Günümüzde teknolojinin hızla gelişmesi, geleneksel el sanatlarını tehdit eden bir etken haline geldi. Ancak, bu durumu değiştiren kişiler de var. 87 yaşındaki Ahmet Usta, yıllarını verdiği el emeğiyle sadece sanatı yaşatmakla kalmıyor, aynı zamanda yeni nesillere de ilham veriyor. 2023 yılı itibarıyla birçok genç girişimcinin ve sanatçının ruhunu besleyen Ahmet Usta, hikayesini ve sanatını paylaşarak, sanata olan tutkusunu her gün yeniden canlandırıyor.
Ahmet Usta’nın hayatı, aile geleneği olan el sanatlarıyla iç içe geçiyor. Küçük yaşlardan itibaren babasından öğrenerek başladığı bu yolculuk, onu sadece bir usta değil, aynı zamanda bir mentor haline getirmiş. 1950’ler, Türkiye’de geleneksel zanaatların altın çağı olarak bilinirken; Ahmet Usta, bu dönemden beri el emeğiyle birçok parça üretmeye devam ediyor. O günden bugüne, çıraklar yetiştirip, farklı teknikler öğrenmeye ve öğretmeye devam ediyor.
Ahmet Usta, özellikle ahşap oymacılığı ve geleneksel seramik sanatlarında uzmanlaşmış durumda. Yıllarca süren deneyimleri sayesinde, meydana getirdiği eserler, hem kaliteli hem de estetik açıdan dikkat çekici. Usta, kullandığı malzemelerin kalitesinden ve işçilikten ödün vermeden, her bir parçada ruhunu yansıtıyor. “El emeği göz nuru” ifadesinin gerçek anlamını yaşatan Ahmet Usta, çalışmalarını sadece birer sanat eseri olarak değil, aynı zamanda birer hikaye olarak da görüyor.

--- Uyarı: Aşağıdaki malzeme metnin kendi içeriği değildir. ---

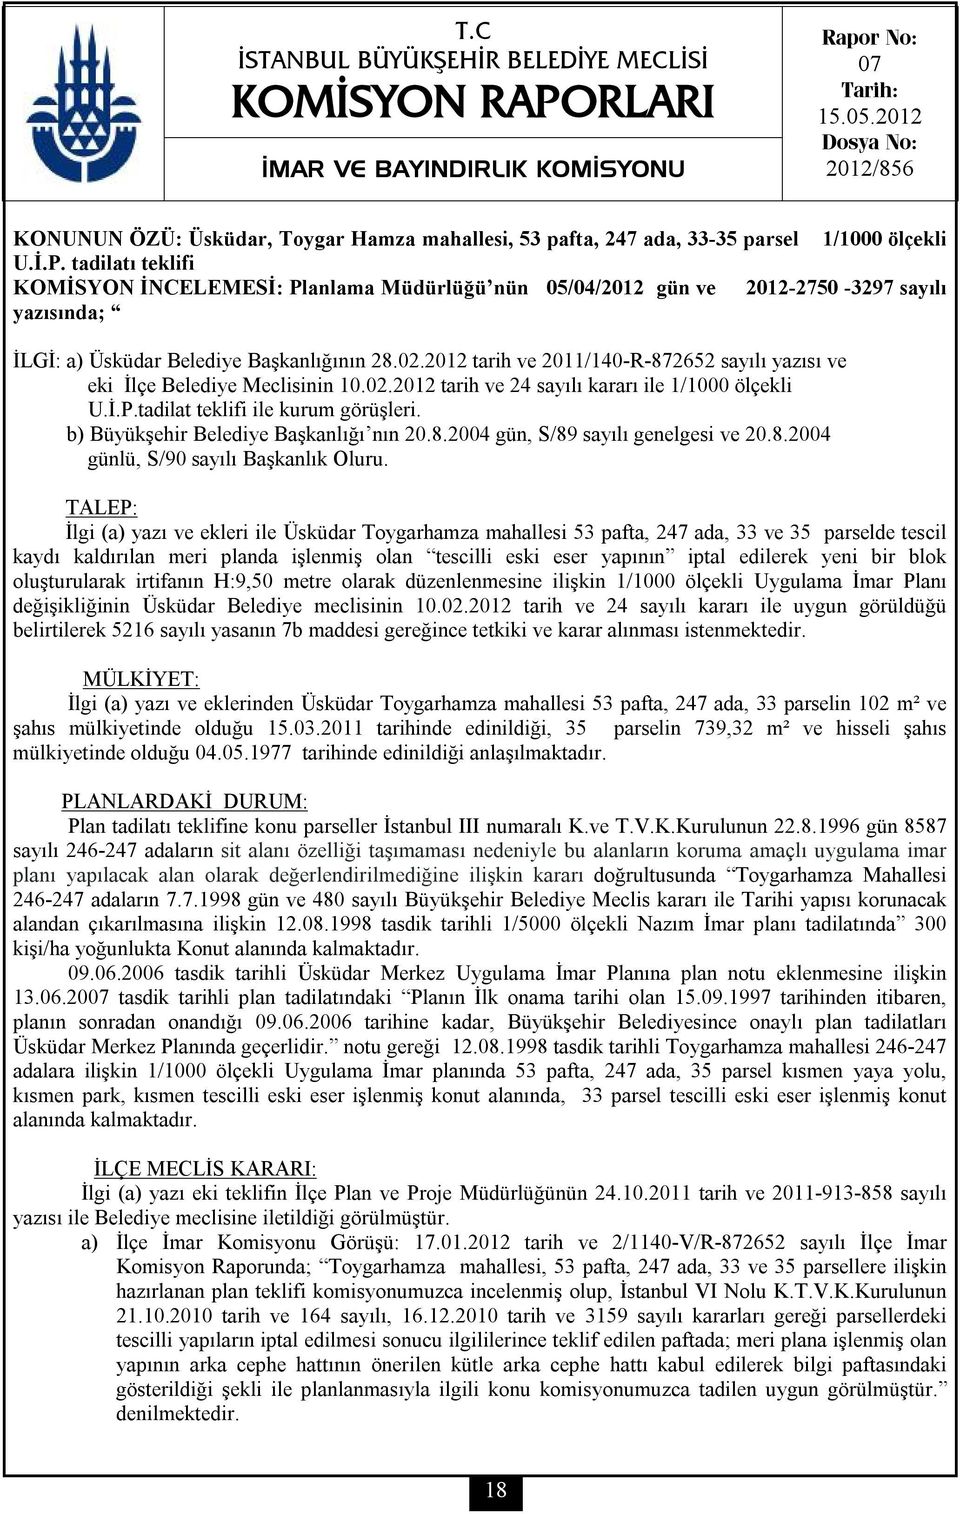 tadilatı teklifi KOMİSYON İNCELEMESİ: Planlama Müdürlüğü nün 05/04/2012 gün ve 2012-2750 -3297 sayılı yazısında; İLGİ: a) Üsküdar Belediye Başkanlığının 28.02.

Ahmet Usta, bir gün mesleğini bırakmayı düşündüğü zamanları dahi hatırlamaktan keyif aldığını belirtiyor. “Yenilikçi düşünce, değişim ve gelişim, her zaman var. Ancak geleneksel yöntemler de en az yenilikler kadar değerlidir. Ben bu yöntemi sürdürdükçe yeni nesillere de aktarabileceğimi düşünüyorum.” diyen usta, gençlerin bu sanata olan ilgisini artırmak için çeşitli atölye çalışmaları düzenliyor. Amaç, el sanatlarının sadece geçmişten gelen bir miras olmadığını, aynı zamanda geleceğe taşınması gereken bir hazine olduğunu anlatmak.
Son yıllarda sayısı artan el sanatları atölyelerine ve sergilere katılan Ahmet Usta, burada gençlere bir şeyler öğretmenin yanı sıra, onların gözünde sanatın ne denli önemli bir yer kaplayabileceğini göstermeyi amaçlıyor. “Bizim işimiz, sadece bir ürün ortaya koymak değil; aynı zamanda bir kültürü, bir geleneği yaşatmaktır" diyor Usta. Öğrencilerine bu bakış açısını aşılamak için çaba sarf eden Ahmet Usta, kendisi gibi düşünerek büyüyen bir nesil oluşturmayı hedefliyor.
Beşinci kuşak sanatçılar yetiştiren Ahmet Usta, el sanatlarının sırlarını yeni nesillere aktarmaktan büyük bir memnuniyet duyuyor. “Onlar geleceğin sanatçıları, benim görevim onlara ışık tutmak ve onları desteklemektir.” diyerek, gençlerin potansiyeline olan inancını vurguluyor. Usta, çalışmalarıyla sadece geçmişin izlerini değil, aynı zamanda geleceğin temellerini de oluşturuyor.
Özetle, 87 yaşındaki Ahmet Usta, el emeği ve sanatı bir yaşam biçimi olarak görüyor. Onun hikayesi, yaşının yalnızca bir sayı olduğunu ve tutku ile çalışmanın her zaman karşılığını bulduğunu gösteriyor. Unutulmaya yüz tutmuş el sanatlarını yaşatmaya devam eden usta, genç nesillere ilham vermeye ve onların kalplerinde sanat aşkını aşılamaya kararlı. Ahmet Usta'nın azmi, mesleğini aşkla yapmasının ne denli değerli olduğunu bir kez daha gözler önüne seriyor.